Тарелка рухнула на землю рядом с ней; сначала она покатилась вокруг девушки по небольшой дуге, потом загарцевала на ребре и, наконец, остановилась. Тусклая, неподвижная, холодная, она казалась мертвой или по крайней мере пустой.
Чувствуя, как сильно у нее кружится голова, она лежала и смотрела в подернутую серой прозрачной дымкой голубизну погожего весеннего неба. Смутно, как сквозь слой ваты, до ее слуха доносились далекие свистки.
И какие–то запоздалые крики.
И громкий, дурацкий голос, который твердил над самой ее головой: «Воздуху, дайте ей воздуху!», отчего толпа смыкалась еще теснее.
Потом небо, которое она рассматривала даже с некоторым упоением, вдруг исчезло, заслоненное чьей–то внушительной тушей. Человек, затянутый в голубой с золотыми пуговицами мундир, держал в руках ледериновый блокнотик и бормотал:
— О’кей, о’кей, что случилось? Да разойдитесь, разойдитесь же ради Бога!..
Интересны и разнообразны были расходящиеся кругами по толпе умозаключения, толкования и объяснения происшедшего:
— Оно сбило ее с ног.
— Какой–то парень сбил ее с ног.
— Он сшиб ее на землю.
— Какой–то парень толкнул ее так, что она упала.
— Прямо среди бела дня, у всех на глазах, этот парень…
— Нет, этот парк с каждым днем становится все опаснее…
И так далее, и так далее, до тех пор, пока искаженные факты вовсе не перестали соответствовать действительности, ибо щекочущие нервы эмоции в конечном итоге всегда оказываются важнее истины.
Еще сколько–то времени спустя в круг протолкался еще один персонаж, явно обладавший более крепкими, чем у остальных, плечами. Он тоже держал наготове блокнот, в который то и дело заглядывал, готовясь вычеркнуть «красивую брюнетку» и переправить ее на «привлекательную» для вечернего выпуска, так как считается, будто эпитет «привлекательная» в своей пошлой затасканности вполне адекватно (и вместе с тем — никого не задевая) отражает внешний вид любой женщины, фигурирующей в качестве жертвы в вечерней сводке новостей.
Блестящая бляха и широкое красное лицо наклонились ниже.
— Как ты себя чувствуешь, сестренка? Ты сильно пострадала?
И по толпе, как эхо, понеслось:
— …Сильно пострадала, сильно пострадала, пострадала сильно, она искалечена, он избил ее до потери сознания…
Еще один человек, одетый в светло–коричневое габардиновое пальто — с ямочкой на подбородке и тенью щетины на щеках, узкоплечий и целеустремленный, как бурав, — появился из толпы.

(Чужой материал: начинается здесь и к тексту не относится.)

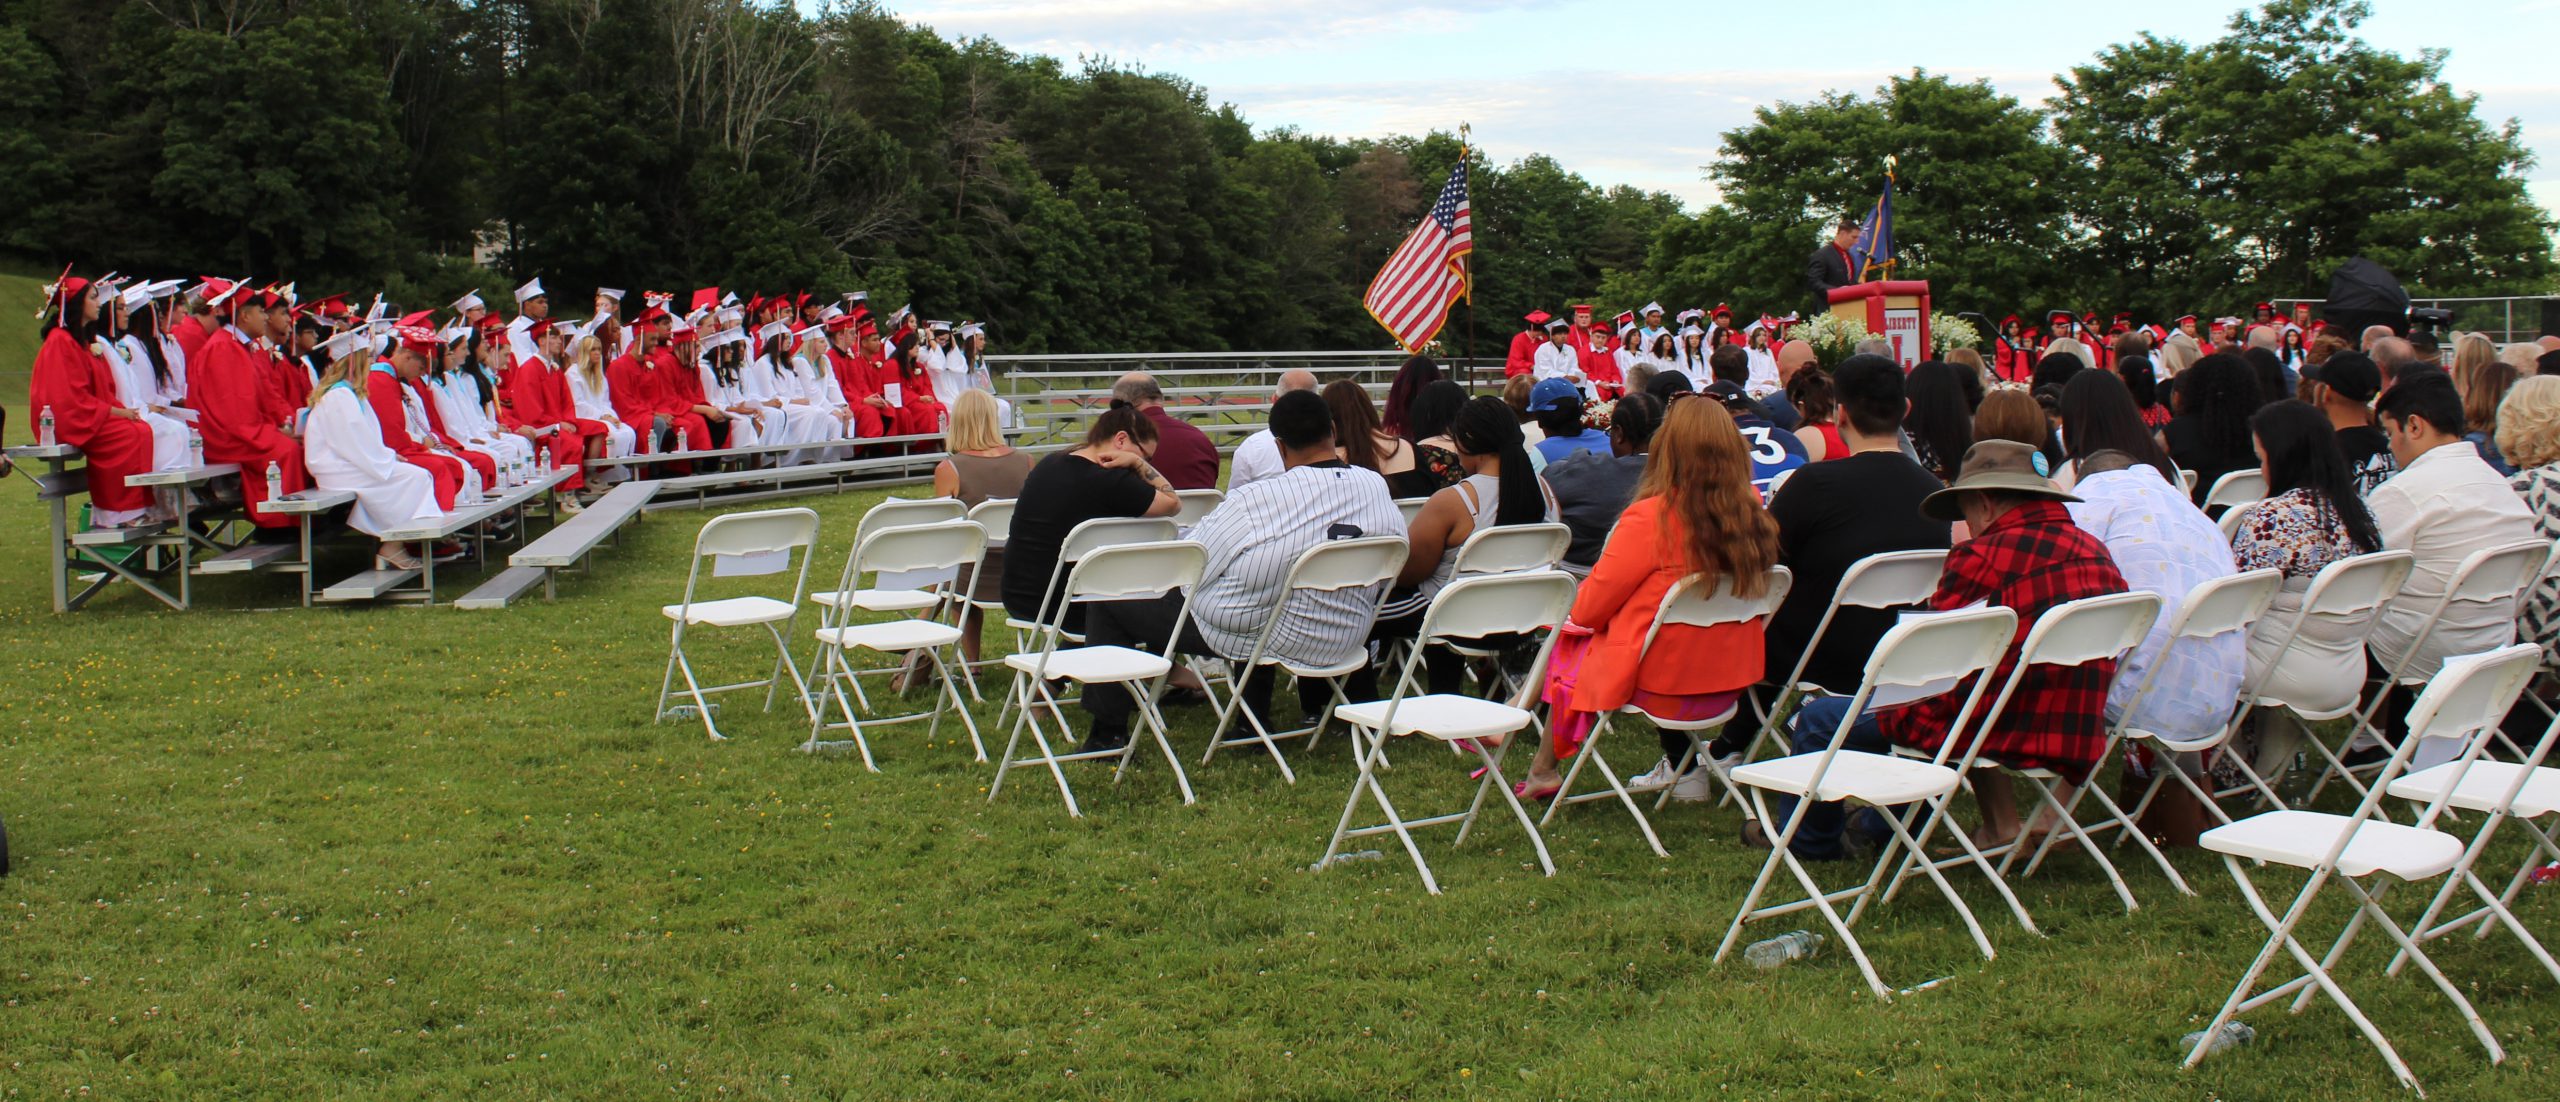 The audience watches the graduation ceremony

— Гм–м, вы говорите — летающая тарелка? О’кей, сержант, я принимаю командование.
— А кто ты, черт возьми, такой, чтобы здесь командовать?..
Сверкнула на солнце коричневая кожа футляра со значком, и какой–то человек, стоявший так близко к габардиновому пальто, что почти упирался ему в плечо подбородком, благоговейно ахнул:
— Это ФБР!..
Эта новость тоже разнеслась по толпе, подобно расходящимся по воде кругам, и полицейский кивнул, причем кивнул не одной головой, а как бы всем своим вдруг заколыхавшимся телом.
— Вызовите помощь и удалите посторонних, — распорядился габардиновый.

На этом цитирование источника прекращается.